Только когда они умерли, Виллем сумел вспомнить, что все-таки любил их, что они научили его многим вещам, которыми он теперь дорожил, и что они никогда не требовали от ничего непосильного и невозможного. В минуты нетерпимости (сколько их было всего каких-нибудь пару лет назад!) он считал их безразличие, их безучастное принятие того, кем он там хочет или не хочет быть, простым отсутствием интереса: что это за родители, однажды сочувственно-завистливо спросил его Малкольм, которые и слова не скажут, когда единственный ребенок (потом он извинился) сообщает им, что собирается стать актером? Но теперь, повзрослев, он оценил наконец, что они никогда не давали ему понять, будто он им что-то должен — свой успех, свою преданность, свою любовь или даже верность. Он знал, что отец в Стокгольме попал в какую-то передрягу — он так и не узнал, в чем было дело — и отчасти из-за этого родители и перебрались в Штаты. Они бы никогда не потребовали, чтобы он был как они, они и сами не очень-то хотели быть собой.
Вот так началась его взрослая жизнь, и последние три года он бултыхался в илистом пруду, болтаясь от берега к берегу, и деревья вокруг нависали над ним, заслоняли свет, так что было не разглядеть, впадала ли в это его озерцо река или оно было закрытым, крошечным мирком, где он мог проплавать годы и десятилетия — всю свою жизнь, — слепо тыкаясь во все стороны в поисках выхода, которого нет, которого там не было никогда.
Вот если бы у него был агент, если б кто-то мог указать ему верный путь, показать, как спастись, как попасть в струю. Но агента у него не было, пока не было (он оптимистично считал, что это все только «пока»), и потому он, в компании таких же искателей, все высматривал этот ускользающий приток, по которому лишь немногие уплывали из озера и которым никто не желал возвращаться обратно.
Он был готов ждать. Он ждал. Но в последнее время ему казалось, будто его терпение стачивается во что-то занозистое, зазубренное, разваливается на сухие щепочки.

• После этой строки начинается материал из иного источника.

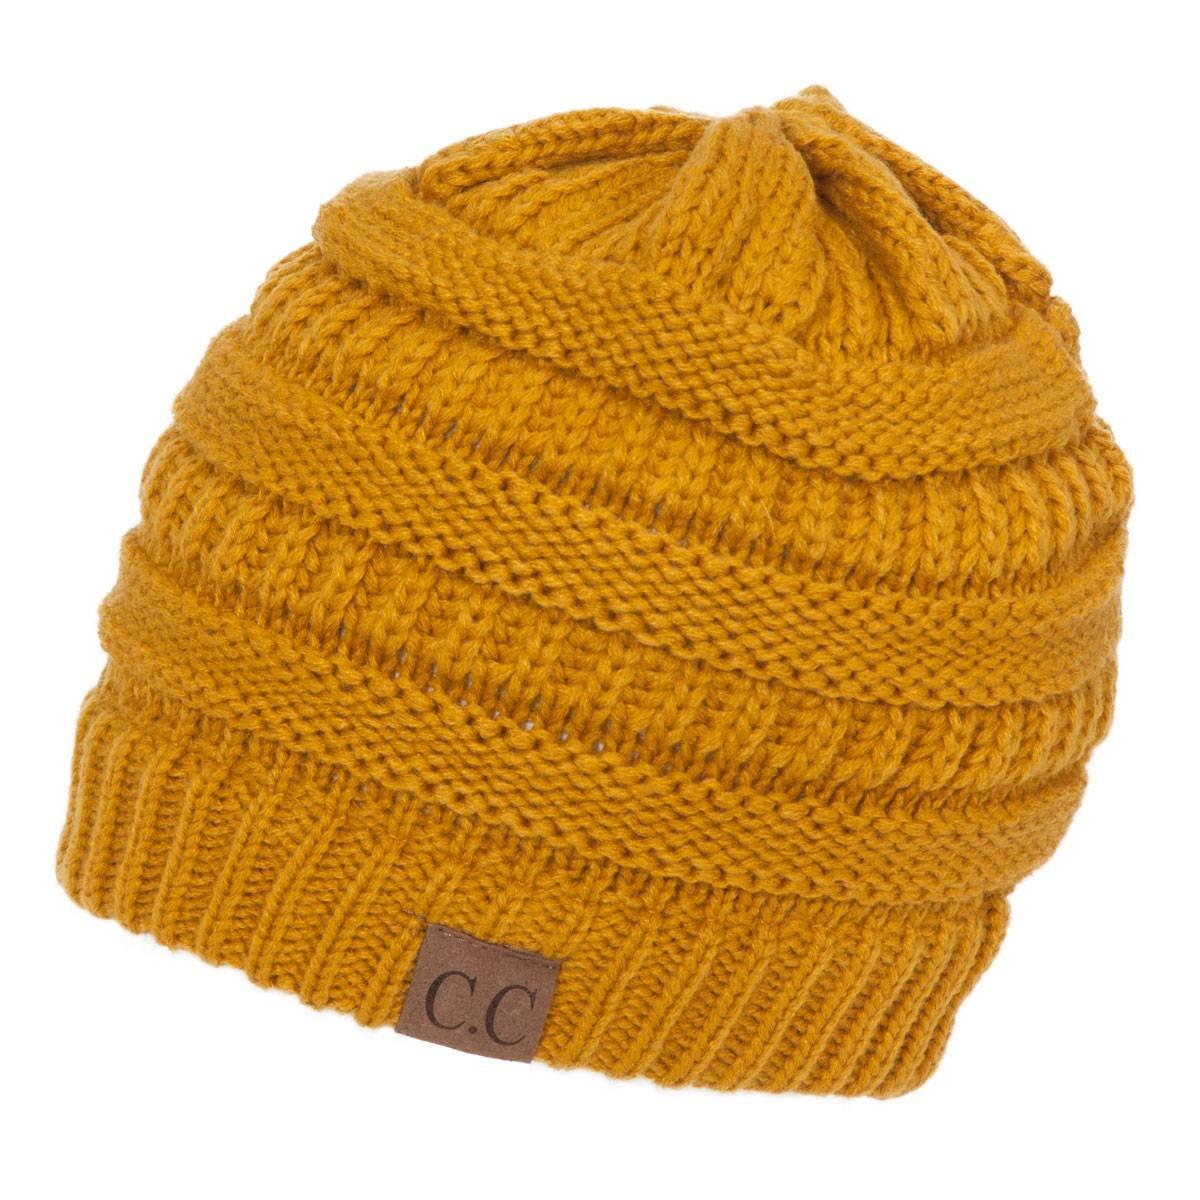 C.C Women s Thick Knit Beanie f2988c1db4e

Впрочем, ни беспокойство, ни жалость к себе ему не были свойственны. Напротив, ему случалось возвращаться домой из «Ортолана» или с репетиции пьесы, за неделю игры в которой ему заплатят сущие гроши, так мало, что даже на бизнес-ланч не хватит, с чувством полного удовлетворения. Только они с Джудом могли считать квартиру на Лиспенард-стрит достижением — ведь, сколько бы он ее ни ремонтировал, сколько бы Джуд ее ни отмывал, она все равно оставалась тоскливой и какой-то неясной, как будто бы само это место стеснялось назваться настоящим жильем — но именно в такие минуты он и ловил себя на мысли, что этого уже достаточно. На такое я и надеяться не смел. Жить в Нью-Йорке, быть взрослым, стоять на деревянном возвышении и произносить чужие слова! — то была абсурдная жизнь, жизнь-нежизнь, жизнь, которой ни его родители, ни его брат и представить себе не могли, а он вот представлял ее себе каждый день.
Но потом это чувство исчезало, он вновь оставался один и принимался за газету, проглядывал новости культуры, читал о других людях, делавших то, о чем он даже и мечтать не мог — для этого его воображению не хватало нужной широты, нужной дерзости, — и в такие часы мир ему казался очень большим, озеро — очень пустым, ночь — очень темной, и ему хотелось вернуться в Вайоминг и ждать Хемминга у дороги, где надо было знать только один путь — к родительскому дому, над крыльцом которого горела лампочка, омывавшая вечер медом.
Сначала была видимая жизнь офиса: они, все сорок человек, сидели в большой комнате, каждый за своим столом; на одном конце, ближайшем к Малкольму, — кабинет Рауша за стеклянной стеной, на другом конце, тоже за стеклянной стеной, — кабинет Томассона. Между ними две стены окон, один ряд выходит на Пятую авеню и Мэдисон-сквер, другой — на Бродвей, на мрачный, серый, заплеванный жвачкой тротуар. Эта жизнь существовала официально с десяти утра до семи вечера, с понедельника по пятницу. В этой жизни они делали, что велят: сидели над макетами, чертили наброски и варианты, разбирали эзотерические каракули Рауша и четкие, написанные печатными буквами указания Томассона. Они не разговаривали. Не собирались в группы. Когда клиенты приходили к Раушу и Томассону и стояли у большого стеклянного стола в центре комнаты, они не поднимали глаз. Если клиент был знаменитостью — а это случалось все чаще и чаще, — они так низко склонялись над чертежами и сидели так тихо, что даже Рауш начинал шептать, и его голос — редкий случай — приноравливался к офисной громкости.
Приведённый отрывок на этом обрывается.